Your information help me lot. Last year, I buy fortis at Geneve Watch Centre. I dont know they are Authorized Retailers also.

nap62



cnmark said:


> Sorry, Hong Kong is not Mainland China....
> So there are currently 12 Fortis ADs in Hong Kong and 1 in Macau. A list is attached to this post (PNG and TXT file formats, but dates back to August 2006). And sorry again, for the Macau store I have the address in Chinese only.
> 
> About the dealers in this list (_Remark: Steve, please delete this paragraph if deemed inappropriate_):
> ...


----------



## jle123 (Dec 12, 2007)

Newbie here, but have I got the PERFECT answer for you on this one.

This store sells TONS of different brands of watches and they give a great discount to everyone. I've bought 2 Luminox's from them and a few Seikos. They also sell Fortis as well (and can order other models).

2 locations:

WAH SANG Watch Co.
Ground Floor, No 93B B Broadway Stage 4
Mei Foo Sun Chuen 
Kowloon, Hong Kong
2786-3330

No.
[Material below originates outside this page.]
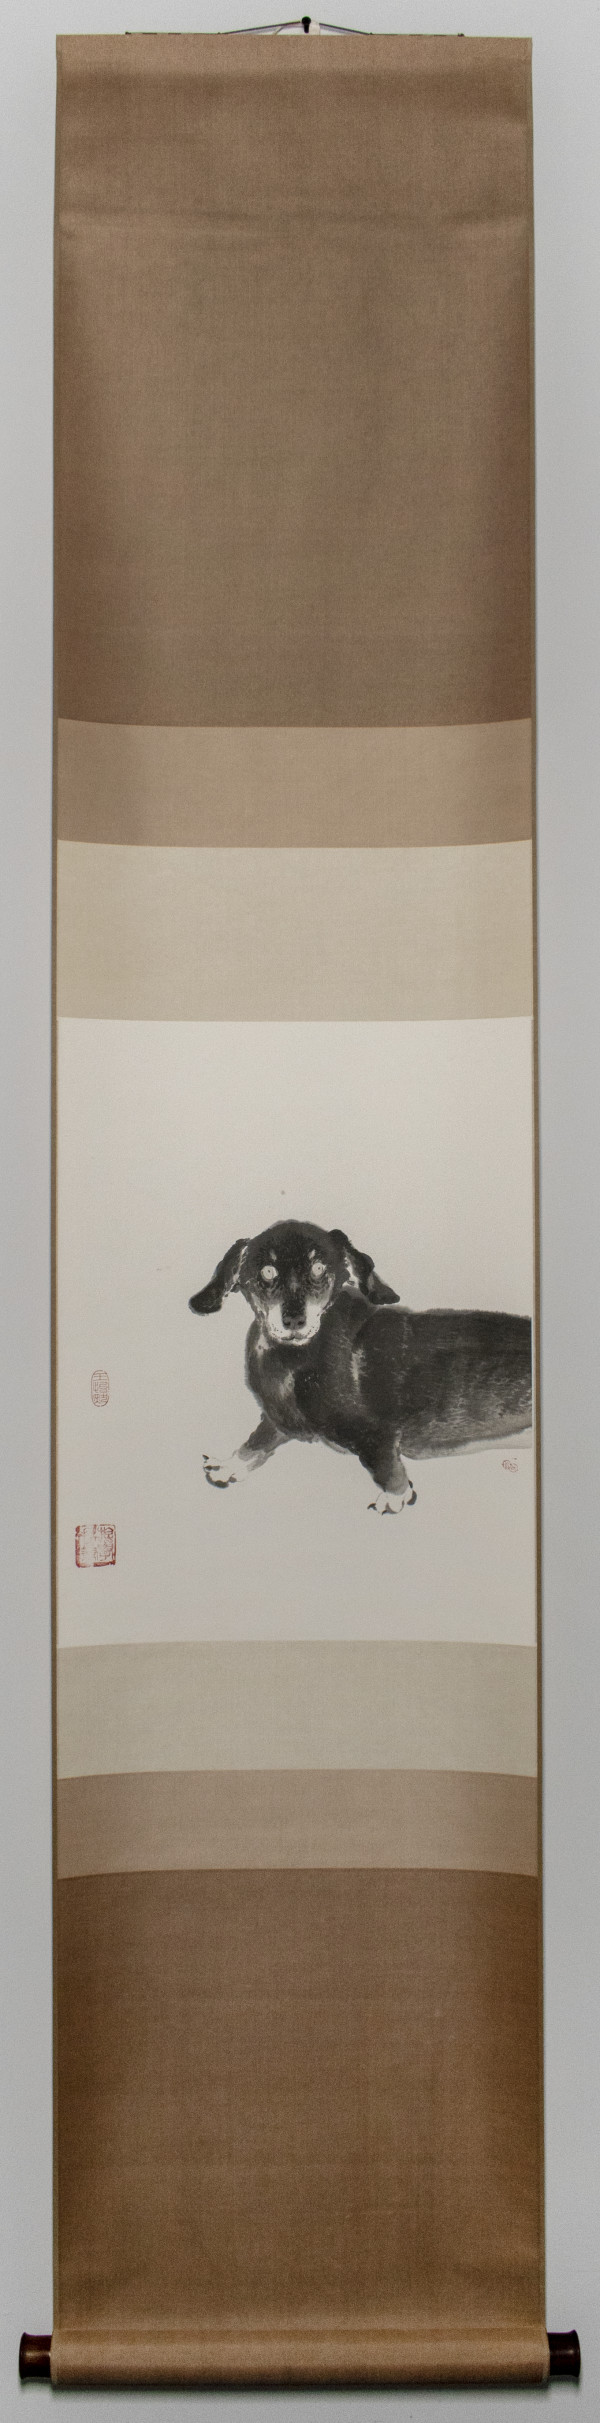 犬童丸 Juvenile Dog by 王怡然 WANG Yi Jan
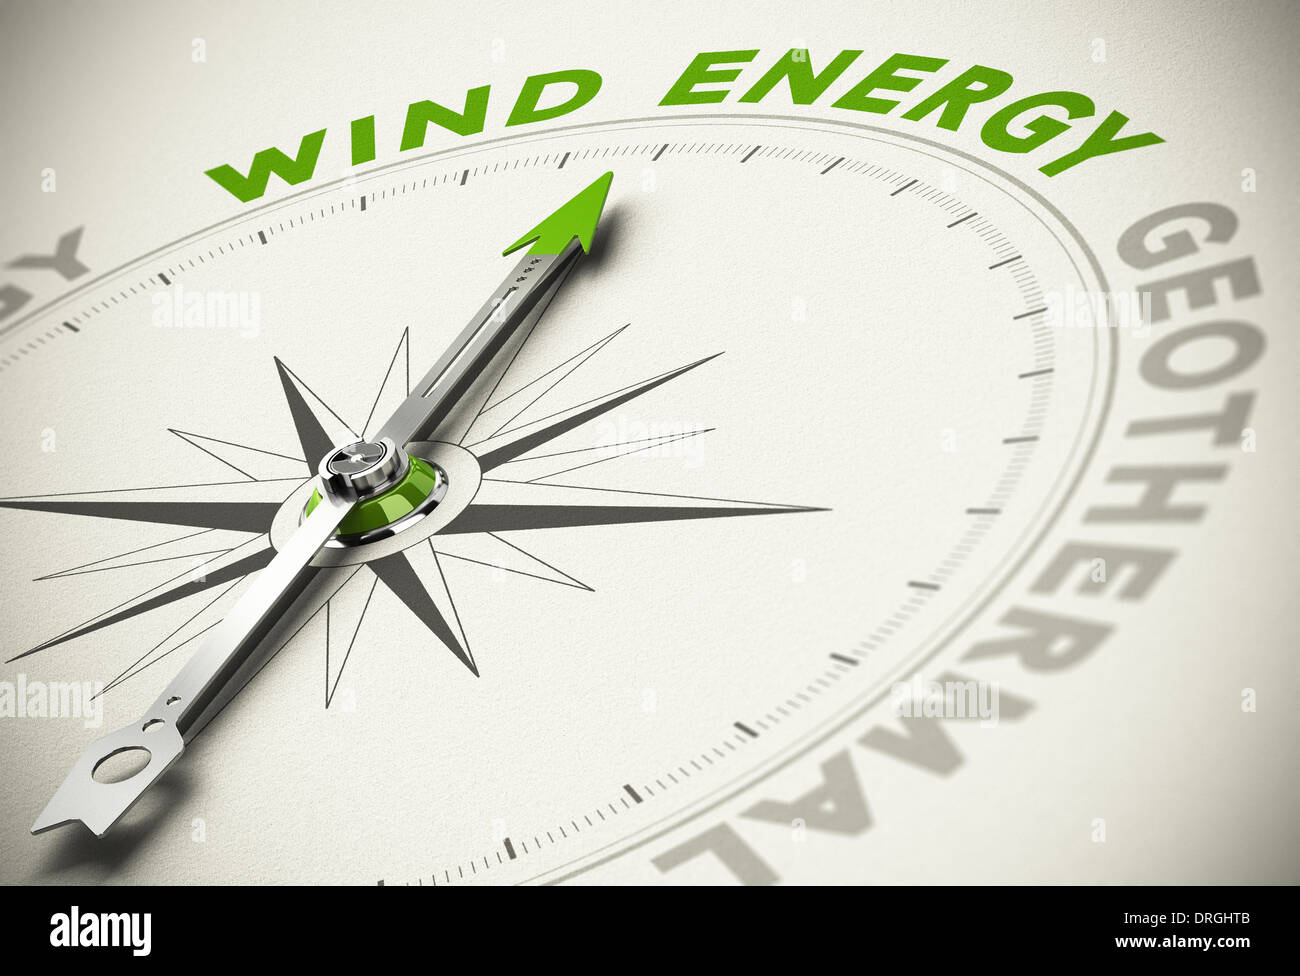 Kompass mit Nadel zeigt den Text Windenergie - grüne und erneuerbare Energien Konzept Unschärfe-Effekt. Stockfoto

K1 Golden Shopping Centre, 94A Yen Chow Street
Sham Shui Po
Kowloon, Hong Kong
2708-2891



The Golden Shopping Centre is a HUGE place that sells TONS of computer things. A MUST see for any tourist in HK. So I recommend going to that Wah Sang location.

In 2006, I checked:
Fortis, Black GMT = $5005 Hong Kong Dollars = $ 642 USD

I believe that is a pretty good price ??


----------



## link07 (Jan 4, 2008)

Thx for the info!


----------